To objectively evaluate the cloud detection results of the proposed method, the trained model is used to infer the test set images. Table 5 shows the average results of the test set and its comparison with the U-Net results, where the inference time is the time it takes the algorithm to complete the cloud detection of a patch of 224 × 224 on the CPU. Table 6 shows the detailed results of the images in the test set. The experimental results show that the overall pixel accuracy of proposed method is 90.54%, which is 2.37% higher than U-Net’s 88.17%; the mPA is 91.36%, which is 7.5% higher than U-Net; the mIoU is 81.53%, which is 6.09% higher than U-Net. The inference time of proposed method is 2.18 s/patch, and the inference speed is about 5 times faster than that of U-Net.
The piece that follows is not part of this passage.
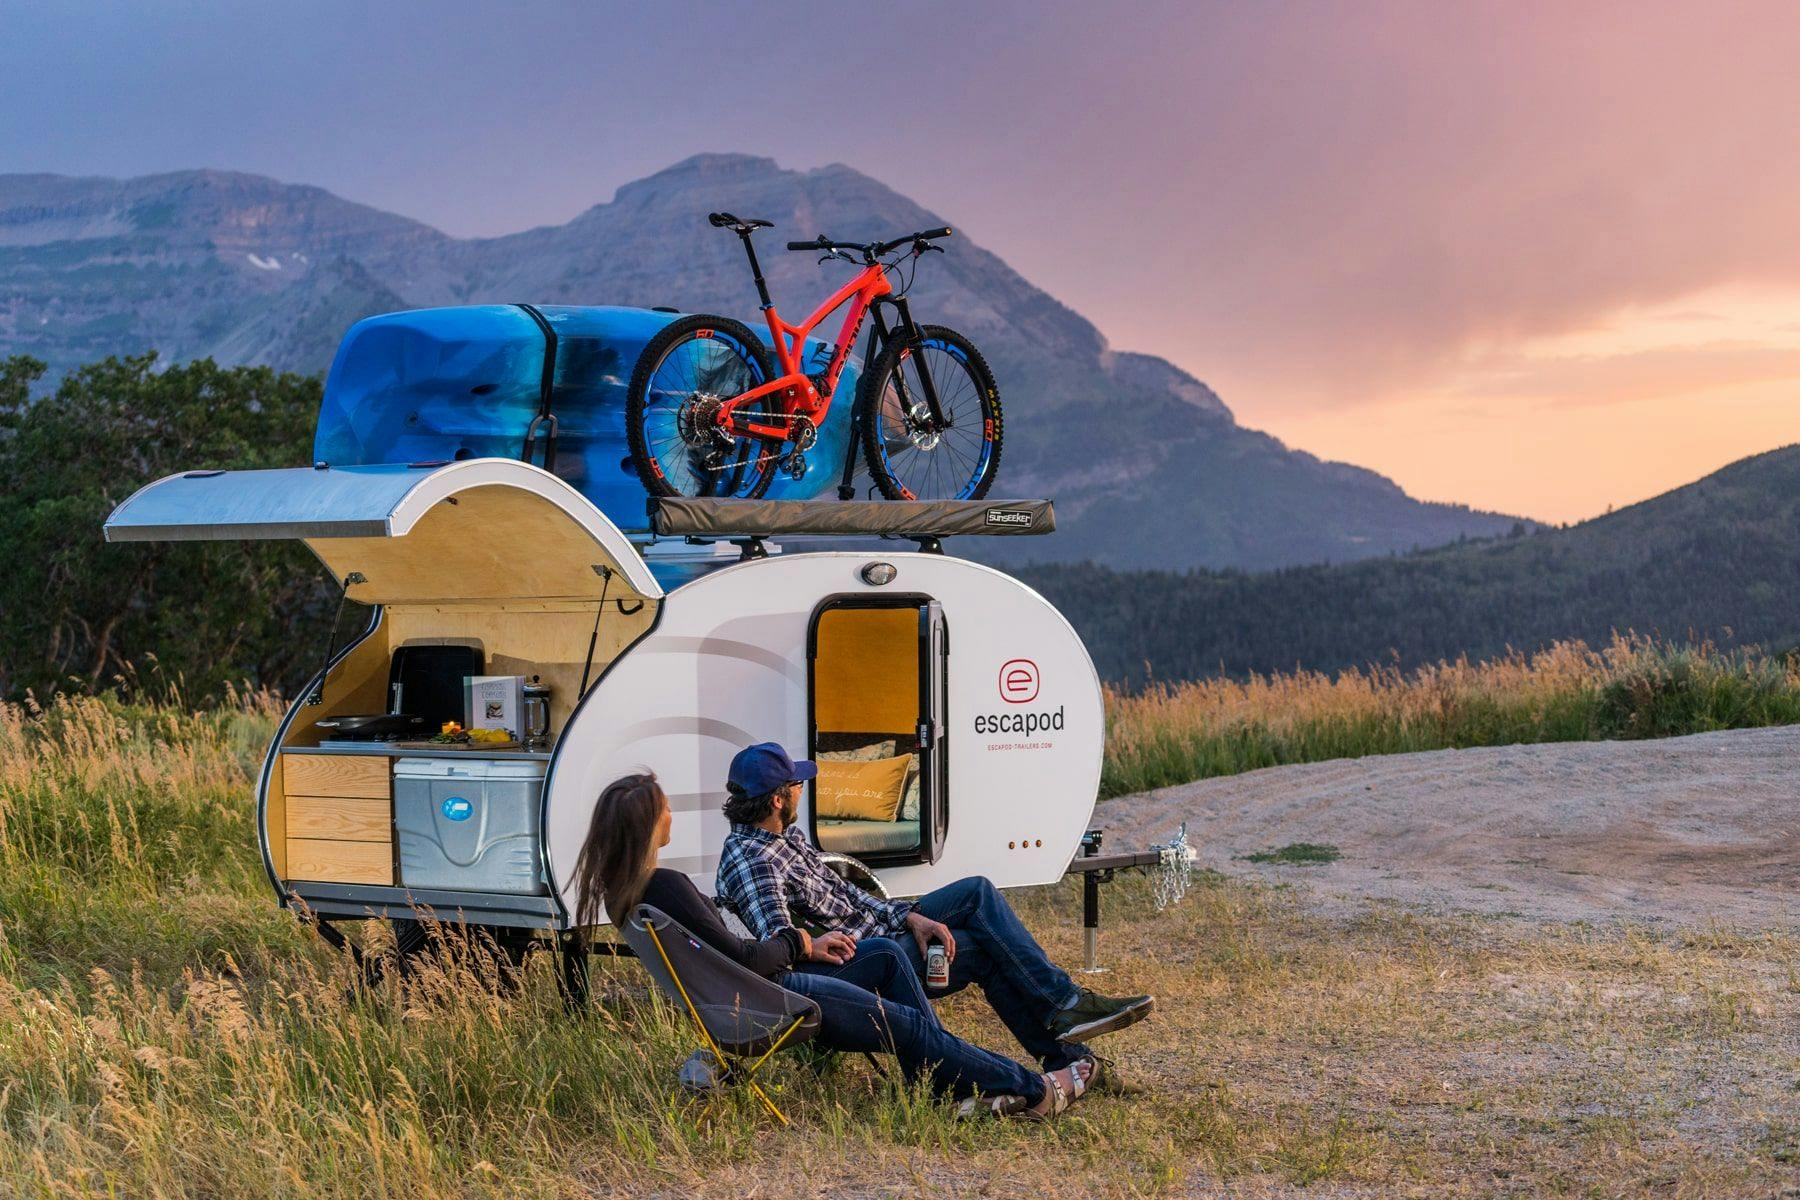 Co-founders of Escapod, Jen & Chris, lounging with one of their original teardrop trailer builds enjoying mountrain views.
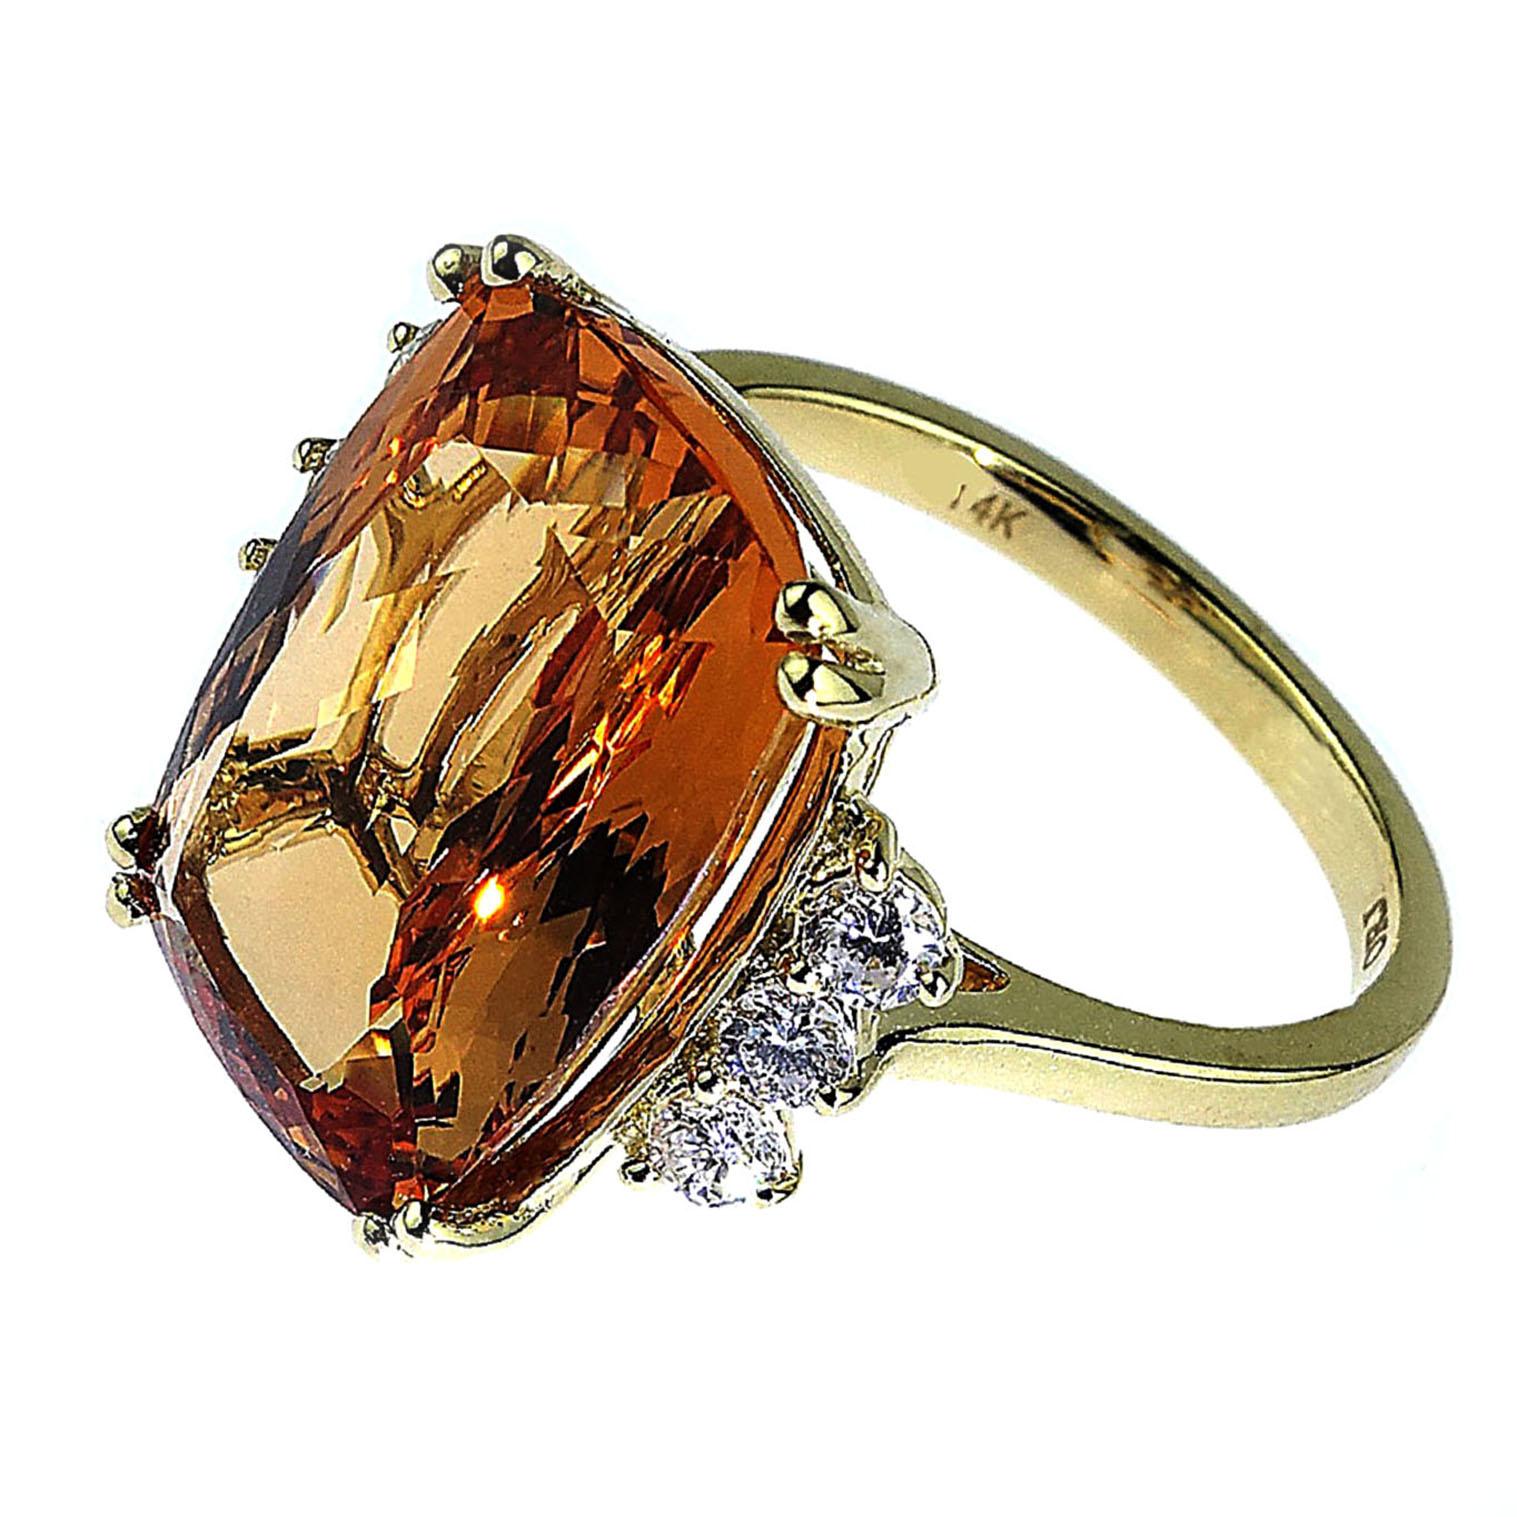 Stunningly beautiful peachy/orange rectangular cushion cut Imperial Topaz with Diamond accents ring.  This gorgeous Brazilian Imperial Topaz of 9.83 carats is accented with .29 carats of sparkling Diamonds.  The handmade 14kt yellow gold mounting is

Table 5 Results comparison of proposed method and U-Net in band 2, 3, and 4
Table 6 Detail results of test set in band 2, 3, and 4

In order to verify the applicability of this method in the thermal infrared band, we apply this method to the band 11 of L8 CCA. Figure 6 shows the cloud detection results of the proposed method for band 11, and Table 7 shows the detailed results of the images in the test set. Experimental results show that for thermal infrared images, the pixel accuracy of proposed method can reach 90.99%. However, because the thermal infrared band of Landsat 8 has a resolution of 100 meters, and the input data is a single-channel image, the thermal infrared image has less information than the visible image. The mPA and mIoU of this method drop to 87.36% and 80.16%, respectively.

Fig. 6
figure 6

Examples of cloud detection in thermal infrared. From top to bottom, the examples are from scenes of LC81590362014051LGN00, LC80310202013223LGN00, LC81320352013243LGN00, LC81390292014135LGN00, LC80630152013207LGN00 and LC81620432014072LGN00. From left to right are the Band 11 input images, the ground truth, and the results of our method

Table 7 Detail results of test set in band 11

4 Conclusion

In this paper, a lightweight deep learning network for cloud detection of visible and thermal infrared remote sensing images is proposed. Depthwise separable convolutions is applied to compress the model of U-Net and accelerate the inference speed of the neural network. The proposed method is verified on Landsat 8 remote sensing images. Experimental results show that the proposed method can efficiently detect clouds on visible and thermal infrared images with high inference speed and low computational cost. Compared with U-Net, the cloud detection results of the proposed network in visible bands are greatly improved; And although the mPA and mIoU decreased in the thermal infrared images, the PA still remained at a high level. The parameters and FLOPs of the network are reduced to 12.4% and 12.8% of U-Net, respectively, and the inference speed increases by nearly 5 times. In the future, the pruning, quantization, and knowledge distillation will be adopted to improve the effectiveness and further compress the model.